The price immediately sky rocketed right after my purchase it and it hasn't settled back down since.
I just installed this cool new extension for Chrome called The Camelizer. It watches the price of products at various web sites and shows a graph. I'll definitely use this tool to find the right time to buy.
Update: I was watching the OCZ Agility drive with Camelizer and it notified me of a recent price drop. I was extremely tempted as it also came with a mail-in rebate the lowered the price to $129. This is a great deal for a 60GB SSD. However, I just didn't feel the time was right as I haven't found a cheap copy of Win7 yet. Anyway, within a few hours it sold out!Posted by JarrettV on January 30 at 10:41 PM
The two 50mm fans arrived and I put them into their new home. To line them up in the back, I raised them up on a small piece of wood and tie-wrapped them into place. They are the perfect height for the case. I used some aluminum to fill in the blank spaces. I got lazy at the end and used a wood block to plug the last space.
The HTPC made too much noise with these new fans so I made a couple modifications:
- Change fans to run from 5 volt instead of 12 volt (from 5000rpm down to 2100rpm) see here
- Remove some of the metal blocking the PSU fan
The noise is now on par with the original Xbox. I plan to replace the PSU fan with a silent 40mm fan from FrozenCPU to further reduce the noise.
I also removed the casing over the PSU and organized the wires for better air flow. I taped over some of the rear holes so the air would enter from the front and travel across the motherboard.
Temps CPU 1 CPU 2 Northbridge Idle 32 C 33 C 48 C Load 58 C 60 C 55 C
The motherboard IO panel fit perfectly between the top and bottom of the case.
I lightly sanded the sharp edges of the black plexi-glass. I did not have any extra fine sandpaper so I used a buffing pad to get a smooth matte match with the case.

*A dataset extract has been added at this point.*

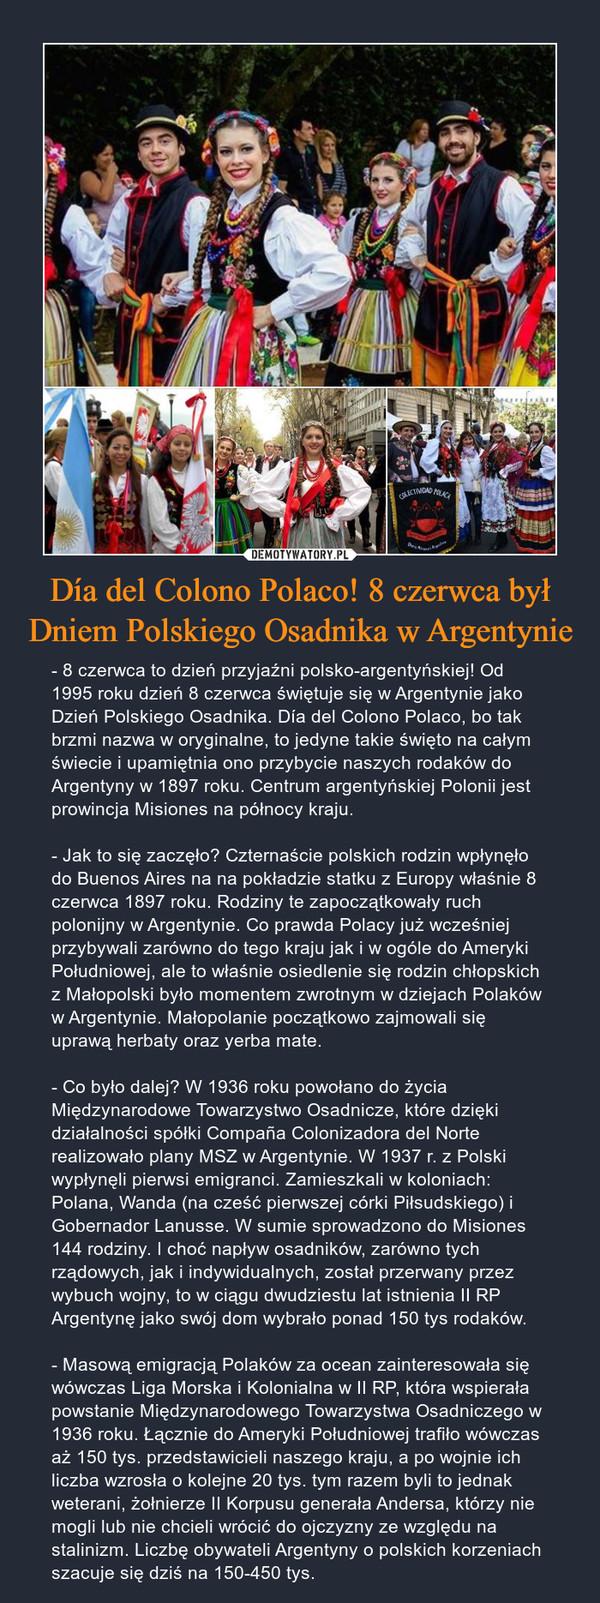 Día del Colono Polaco! 8 czerwca był Dniem Polskiego Osadnika w Argentynie – - 8 czerwca to dzień przyjaźni polsko-argentyńskiej! Od 1995 roku dzień 8 czerwca świętuje się w Argentynie jako Dzień Polskiego Osadnika. Día del Colono Polaco, bo tak brzmi nazwa w oryginalne, to jedyne takie święto na całym świecie i upamiętnia ono przybycie naszych rodaków do Argentyny w 1897 roku. Centrum argentyńskiej Polonii jest prowincja Misiones na północy kraju.- Jak to się zaczęło? Czternaście polskich rodzin wpłynęło do Buenos Aires na na pokładzie statku z Europy właśnie 8 czerwca 1897 roku. Rodziny te zapoczątkowały ruch polonijny w Argentynie. Co prawda Polacy już wcześniej przybywali zarówno do tego kraju jak i w ogóle do Ameryki Południowej, ale to właśnie osiedlenie się rodzin chłopskich z Małopolski było momentem zwrotnym w dziejach Polaków w Argentynie. Małopolanie początkowo zajmowali się uprawą herbaty oraz yerba mate. - Co było dalej? W 1936 roku powołano do życia Międzynarodowe Towarzystwo Osadnicze, które dzięki działalności spółki Compaña Colonizadora del Norte realizowało plany MSZ w Argentynie. W 1937 r. z Polski wypłynęli pierwsi emigranci. Zamieszkali w koloniach: Polana, Wanda (na cześć pierwszej córki Piłsudskiego) i Gobernador Lanusse. W sumie sprowadzono do Misiones 144 rodziny. I choć napływ osadników, zarówno tych rządowych, jak i indywidualnych, został przerwany przez wybuch wojny, to w ciągu dwudziestu lat istnienia II RP Argentynę jako swój dom wybrało ponad 150 tys rodaków.- Masową emigracją Polaków za ocean zainteresowała się wówczas Liga Morska i Kolonialna w II RP, która wspierała powstanie Międzynarodowego Towarzystwa Osadniczego w 1936 roku. Łącznie do Ameryki Południowej trafiło wówczas aż 150 tys. przedstawicieli naszego kraju, a po wojnie ich liczba wzrosła o kolejne 20 tys. tym razem byli to jednak weterani, żołnierze II Korpusu generała Andersa, którzy nie mogli lub nie chcieli wrócić do ojczyzny ze względu na stalinizm. Liczbę obywateli Ar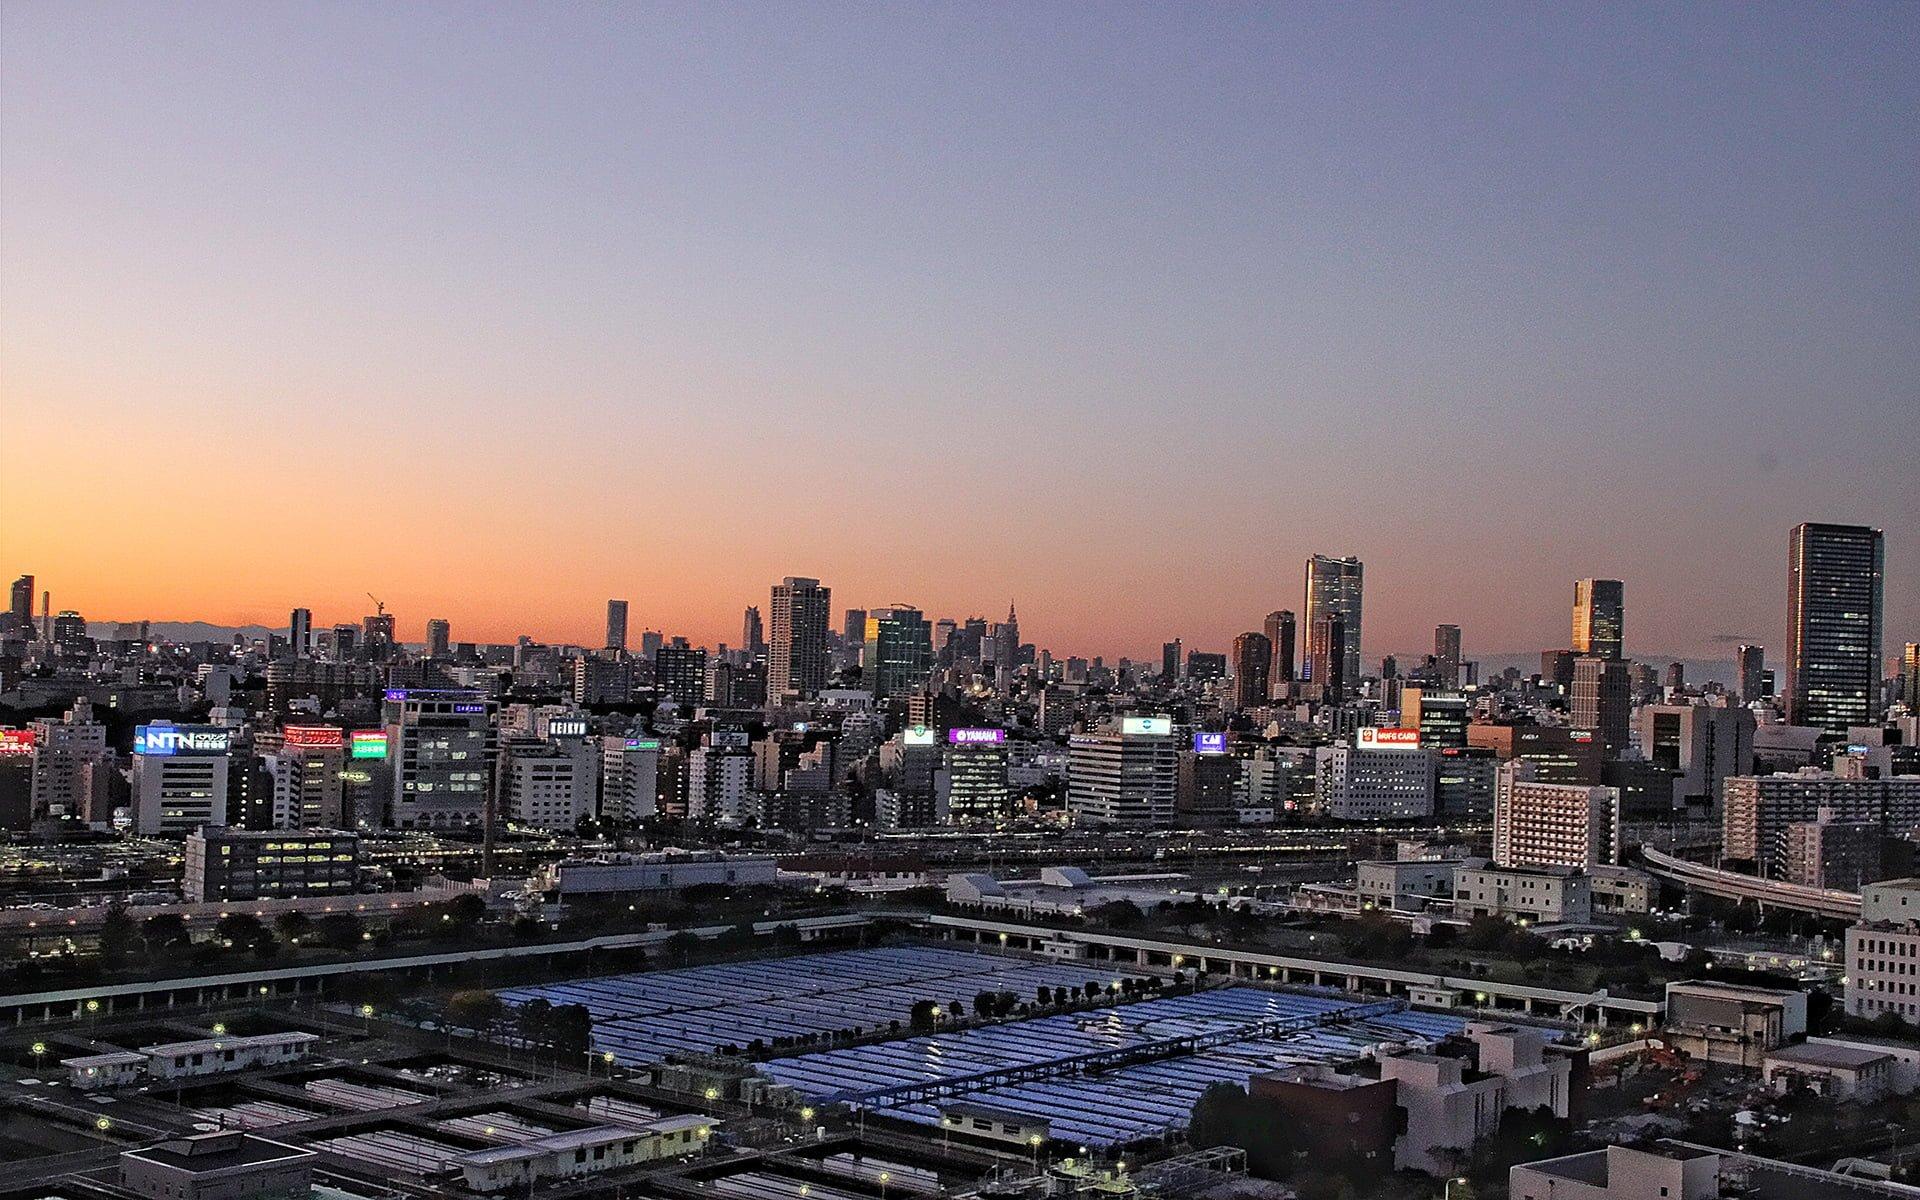 tokyo gökyüzü ve şehir

The keyboard is a Logitech diNovo Mini and compliments the case really well. The Zotac ITX motherboard allows you to enter the BIOS using the Delete key. So even though the keyboard doesn't have function keys, it will still work in the BIOS.
Here it is in it's final resting place on the fireplace mantel. You can see the Wii on the right for comparison.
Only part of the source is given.